At the 20-minute mark, I rode away with Budget Forklifts’ Sam Witmitz and Germany’s Leif Lampater who won the race in 2009. We were joined by Luke Parker (VIS) and my teammates Mark O'Brien until a gap opened between the front group and they re-joined the main field. Once we had established the initial gap, despite some organized chasing from a number of riders, our advantage only increased. The gap was never more than 35 seconds at best, but on this course, it’s close to half a lap. We all contributed to the pace making equally and it was the perfect breakaway trio to be part of.

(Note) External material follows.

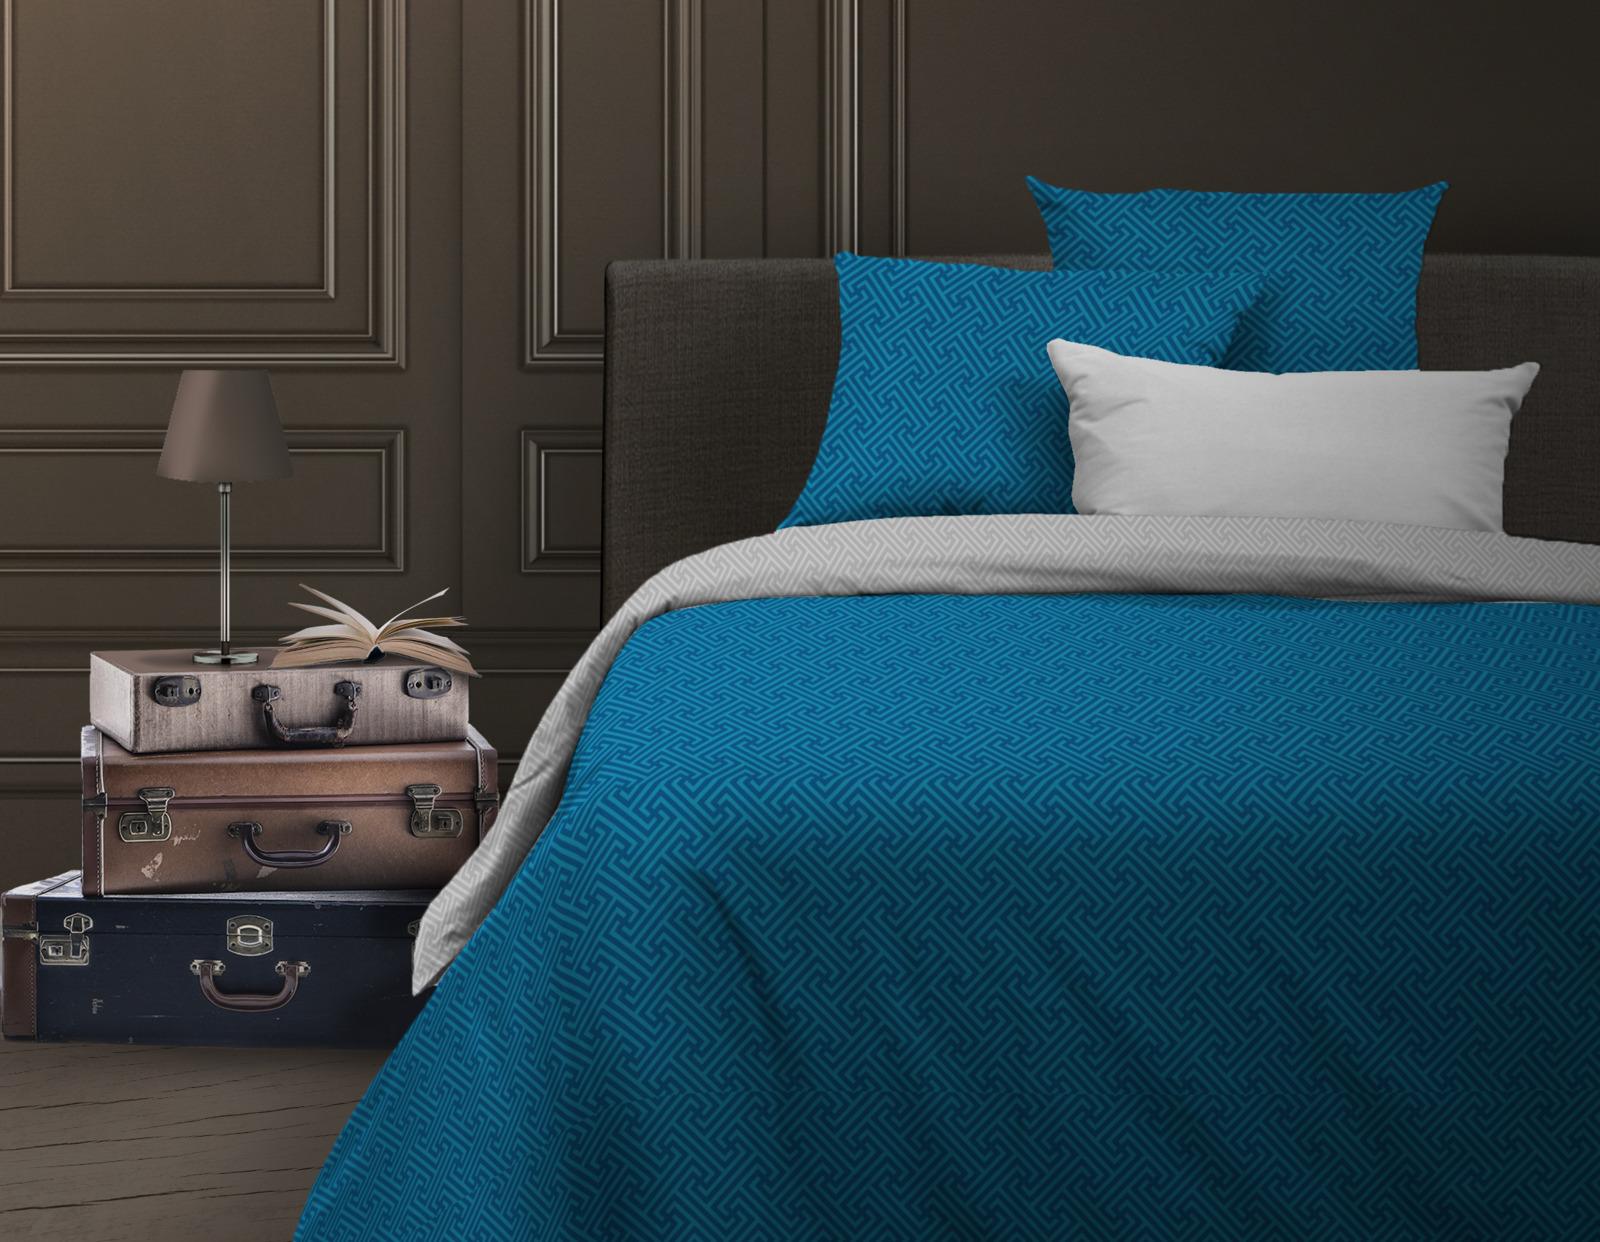 Комплект белья Wenge Silver azure, 513382, 2-спальный, наволочки 70х70 покрывало wenge watson sydney 180x210cm 504224

Glancing back at the main field, it was good to see my teammates helping to control any potential attacks, enabling us to continue the race-winning move. The final few laps were no different to any other - we all contributed equally to the pace. On the final lap, no one made a move and I was certain I could get the job done in a three-up sprint to the line.
Sam kicked first coming out of the park and into the final bend with 250m to go. I followed in his slipstream, with Leif trying to take his wheel off me. We rubbed shoulders and gave each other an elbow or two, but I wasn’t going to let him take it from me. I was able to hold Sam’s wheel and go on to win the 2014 race with Sam in second and Leif in third.

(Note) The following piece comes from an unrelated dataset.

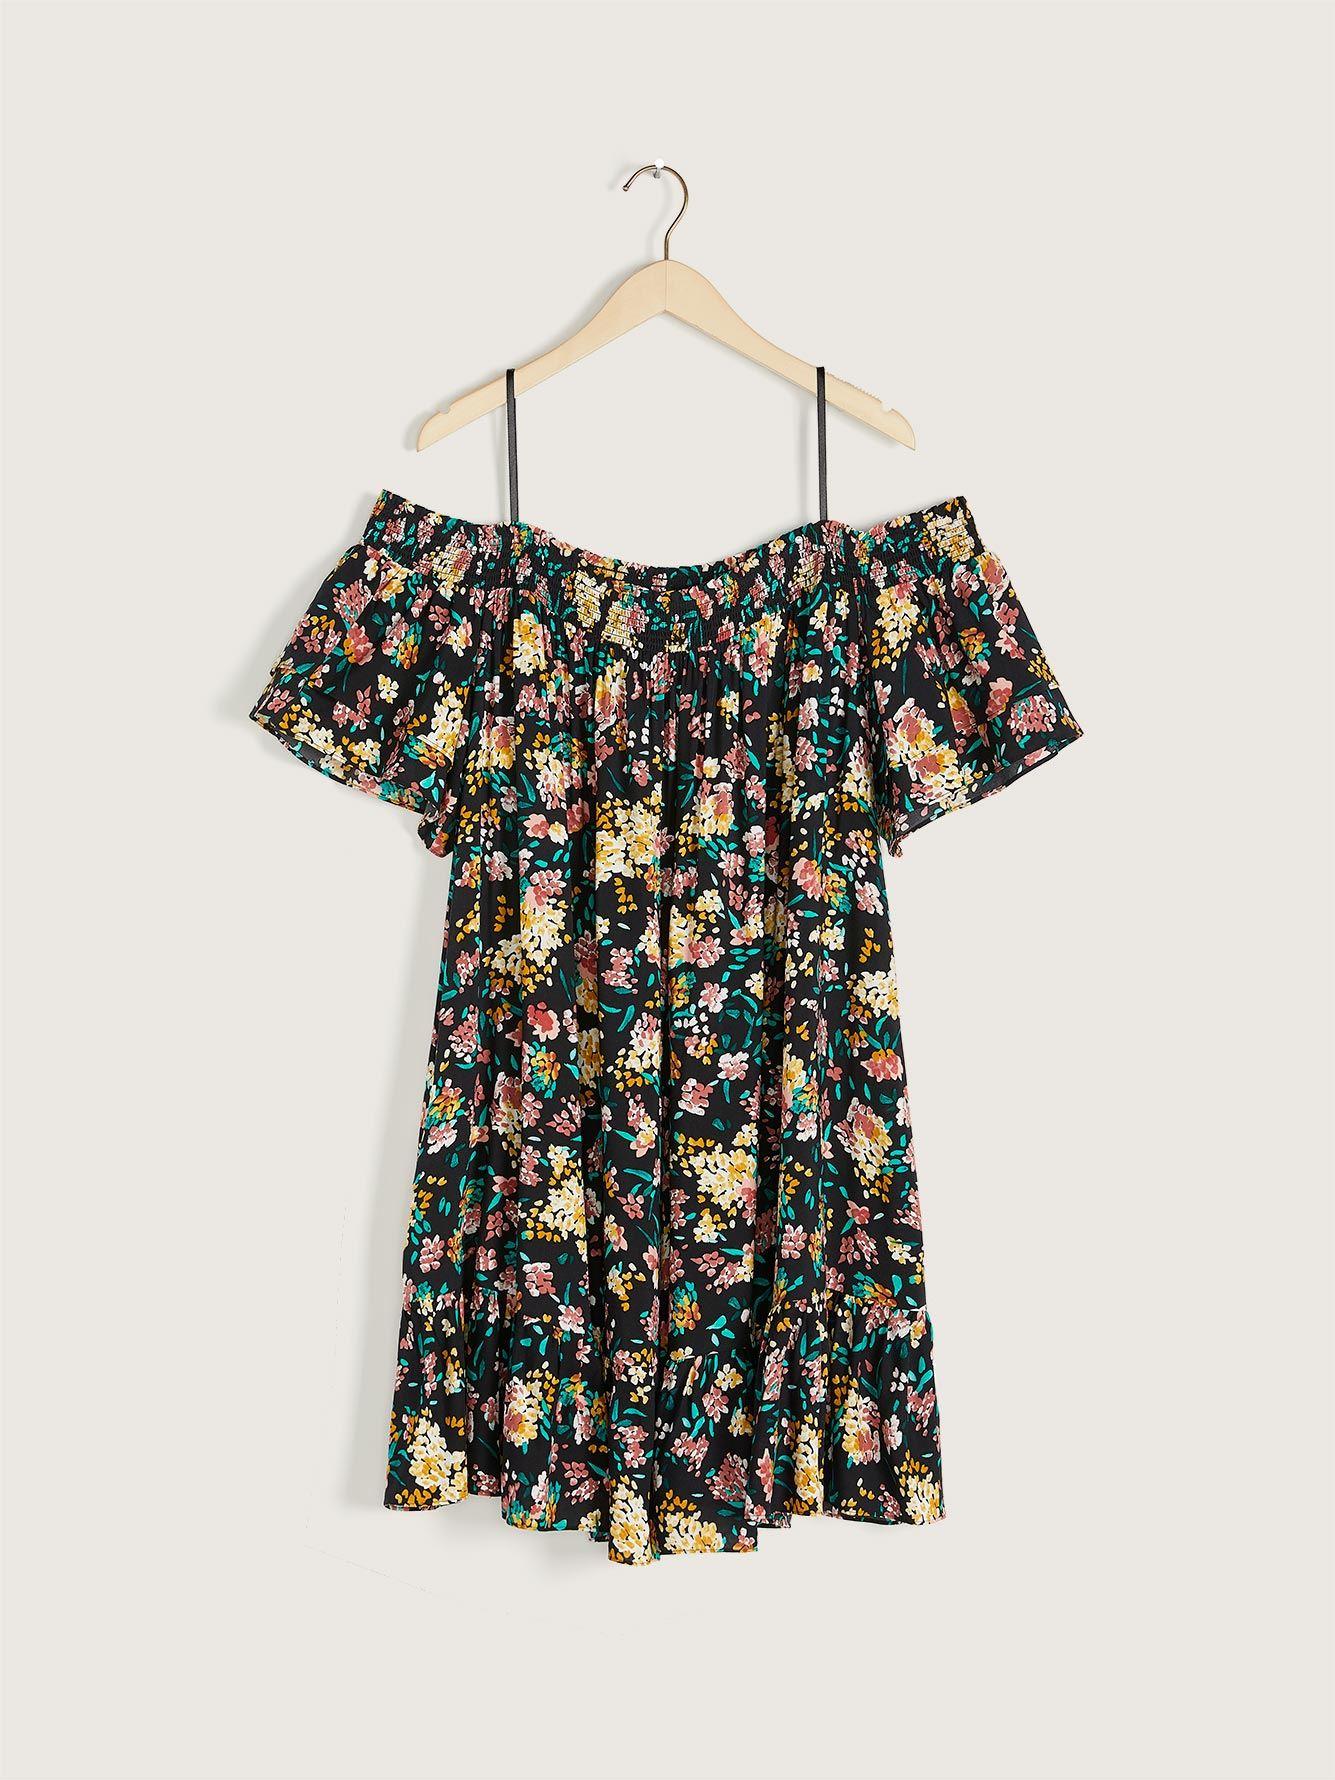 Printed Off-the-Shoulder Dress - Addition Elle

My teammate and last year’s winner Scott Law won the bunch kick for fourth place. I was so pleased to get the win, which I couldn’t have done without my supportive teammates riding strongly the whole night. To stand on the top step of the podium representing Avanti Racing Team and to put on the yellow winner’s jersey was a great feeling! I’ve wanted to win this race ever since my first attempt a few years ago so was really pleased with my result.

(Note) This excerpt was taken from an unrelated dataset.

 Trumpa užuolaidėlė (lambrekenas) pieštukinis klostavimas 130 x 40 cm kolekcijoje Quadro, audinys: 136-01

Thanks to all of our sponsors of Avanti Racing Team, we couldn’t be achieving results without your products and support. Diadora Australia make the best cycling shoes and I’m fortunate enough to have their support as well. Big thanks to my coach Matt and his wife Brooke for their hospitality over the weekend, I always feel at home up in Bendigo and I was spoilt by the great coffee and home cooked meals. Last but not least, thanks to my supportive family, friends and girlfriend Lucy for the time and effort you put in to help me pursue my dreams. Photo credits: Con Chronis

Tuesday, 25 February 2014

2014 Oceania Elite Road Championships

Bags packed, I was again ready for the next cycling race on the calendar with Team Avanti. This time it was off to Toowoomba, Queensland where the 2014 Oceania Road Championships would take place. Toowoomba holds mixed emotions for me being the place I met my girlfriend Lucy for the very first time and where I also made my first NRS podium. But it’s also the location I was airlifted out of after a serious racing accident making it a place I love and hate. We arrived a few days prior to the race, allowing some time for course recon and to acclimatize to the humidity that QLD is renowned for. Our training rides were split between two with the time trial riders preparing separately while the rest of us who were only racing in the road race did our own thing.
The time trial saw my teammates Campbell Flakemore finish second in the U23 category and Joe Cooper win the Elite Men’s category making it a great start to the 2014 Oceania’s for Team Avanti. Special mention to everyone else who competed in the Time Trial, with notable mention to Ben Dyball who placed fourth and Taylor Gunman sixth in the Elite Men’s, plus Mitch Lovelock-Fay for placing sixth in U23. Focusing on the road race, riding a lap of the course was very beneficial as it gave us an idea of where the tough sections were going to be and how we could mentally prepare ourselves leading into Sunday’s race. The course was heavily exposed to the wind, consisted of three categorised climbs and the roads were physically draining with not many areas to rest or recover.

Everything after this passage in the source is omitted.